Triacylglycerols (TAGs) are considered the main component of milk fat; possess significant functional roles from the technological, nutritional and physiological points of view. In this study, an ultra-performance liquid chromatography coupled with quadruple time-of-flight mass spectrometry was applied to identify the molecular species composition of TAGs in buffalo, camel, and ewe milk powders. The separation of TAGs was achieved by using two mobile phases; acetonitrile/isopropanol (1:9, v/v) as mobile phase A, and 40% acetonitrile as mobile phase B, the binary gradient elution allowed the separation of milk TAGs in consistent with the increase in partition number. More than 180 TAGs in buffalo milk, 90 TAGs in camel milk, and 129 TAGs in ewe milk were unambiguously identified, and the most abundant molecular species in the three types of milk powders were detected at mass to charge (m/z) values of 682.53, 822.67, and 656.53, respectively. The total acyl carbon numbers of buffalo milk TAGs ranged between 26 and 54, with double bonds from 0 to 6. While, the total acyl carbon numbers of camel milk TAGs ranged between 42 and 54, with double bonds from 0 to 3. The total acyl carbon numbers of ewe milk TAGs ranged between 26 and 52, with double bonds from 0 to 2. The major fatty acids (FAs) in the different types of milk powders were myristic, palmitic, stearic, oleic, and linoleic. The positional distribution of saturated FAs at the sn-2 position was higher in buffalo milk powder as compared to camel and ewe milk powders. This study reports a comprehensive identification of TAGs molecular species in different types of milk powders.

Keywords

Milk powder Triacylglycerols Fatty acids composition UPLC–Q-TOF–MS 

Notes

Acknowledgements

This work was supported by the National Natural Science Foundation of People’s Republic of China (31601433) and Jiangsu Provincial Natural Science Foundation (BK20140149).

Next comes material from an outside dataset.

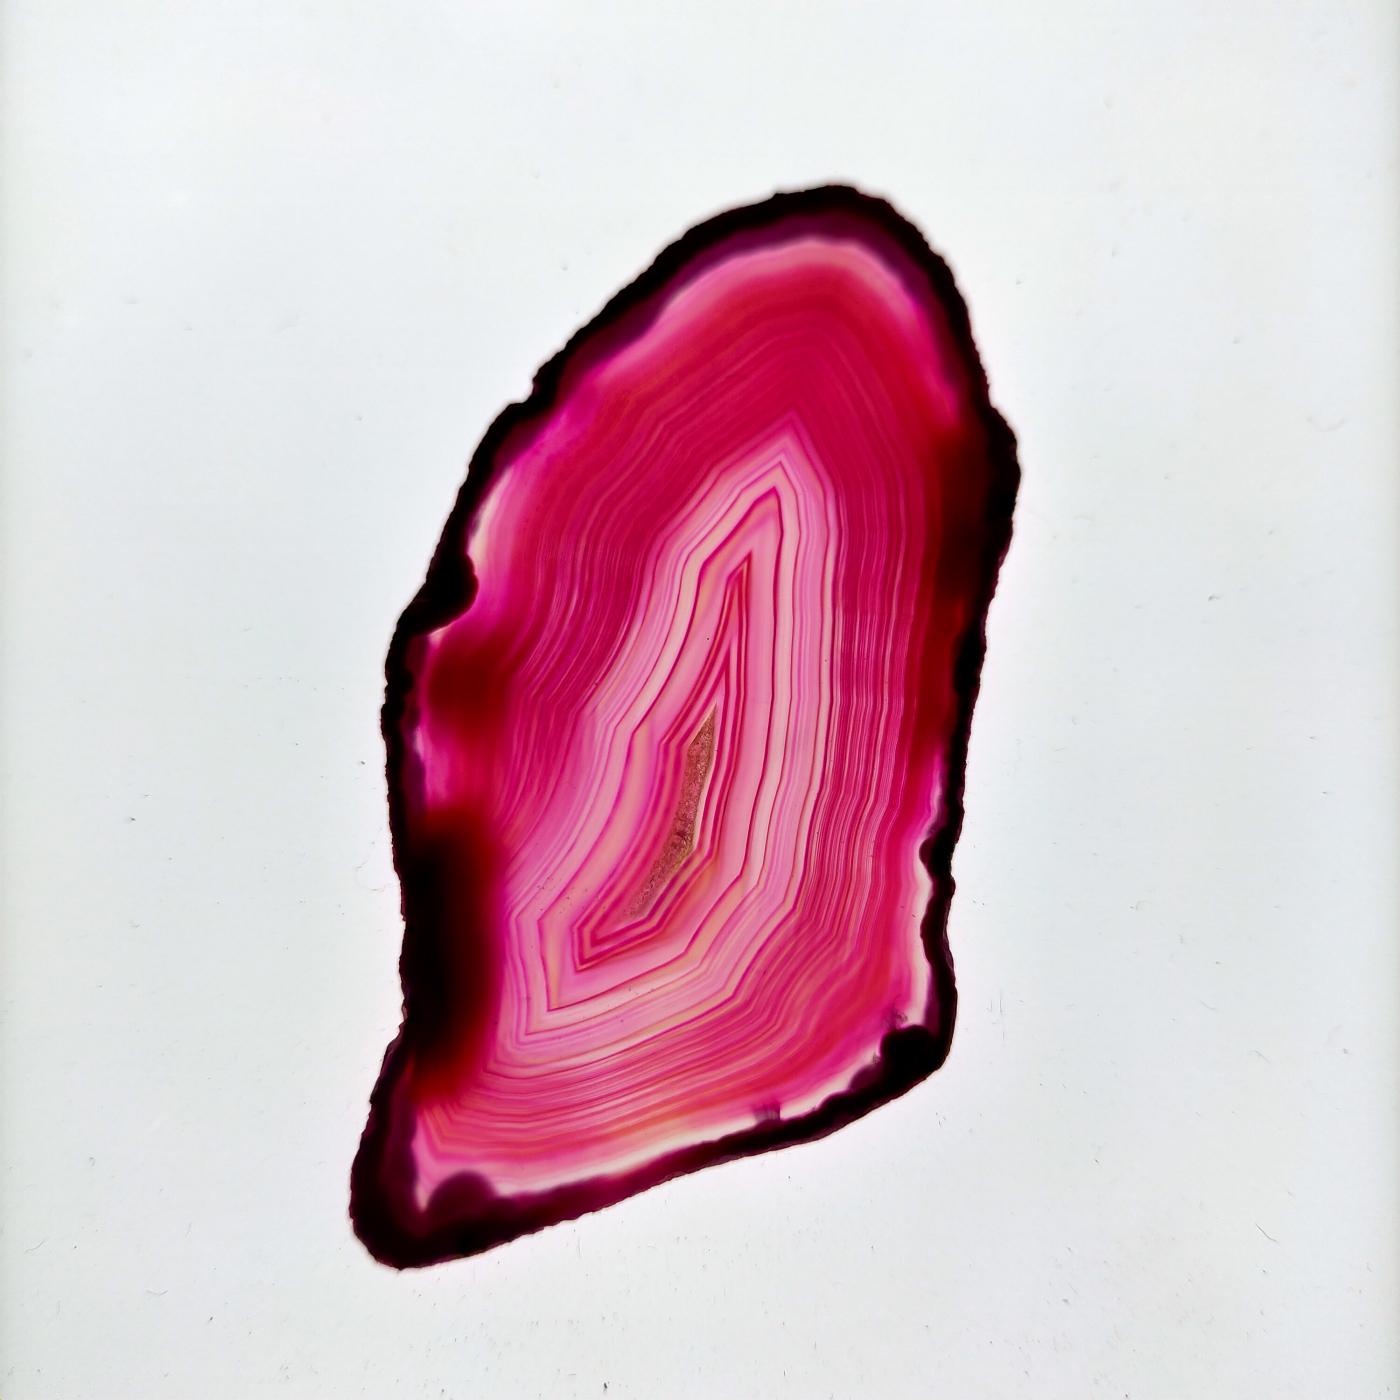 Ágata laminada rosa intenso -

Compliance with ethical standards

Conflict of interest:

The authors declare that there is no conflict of interests regarding the publication of this article.

Ethical approval:

This article does not contain any studies with human or animals and complies with ethical requirements.

References

  1. 1.
    MacGibbon A, Taylor M (2006) Composition and structure of bovine milk lipids. In: Advanced Dairy Chemistry. Lipids, vol 2. Springer, Boston, pp 1–42Google Scholar
  2. 2.
    R. Kanwal, T. Ahmed, B. Mirza, Comparative analysis of quality of milk collected from buffalo, cow, goat and sheep of Rawalpindi/Islamabad region in Pakistan. Asian J. Plant Sci. 3(3), 300–305 (2004)CrossRefGoogle Scholar
  3. 3.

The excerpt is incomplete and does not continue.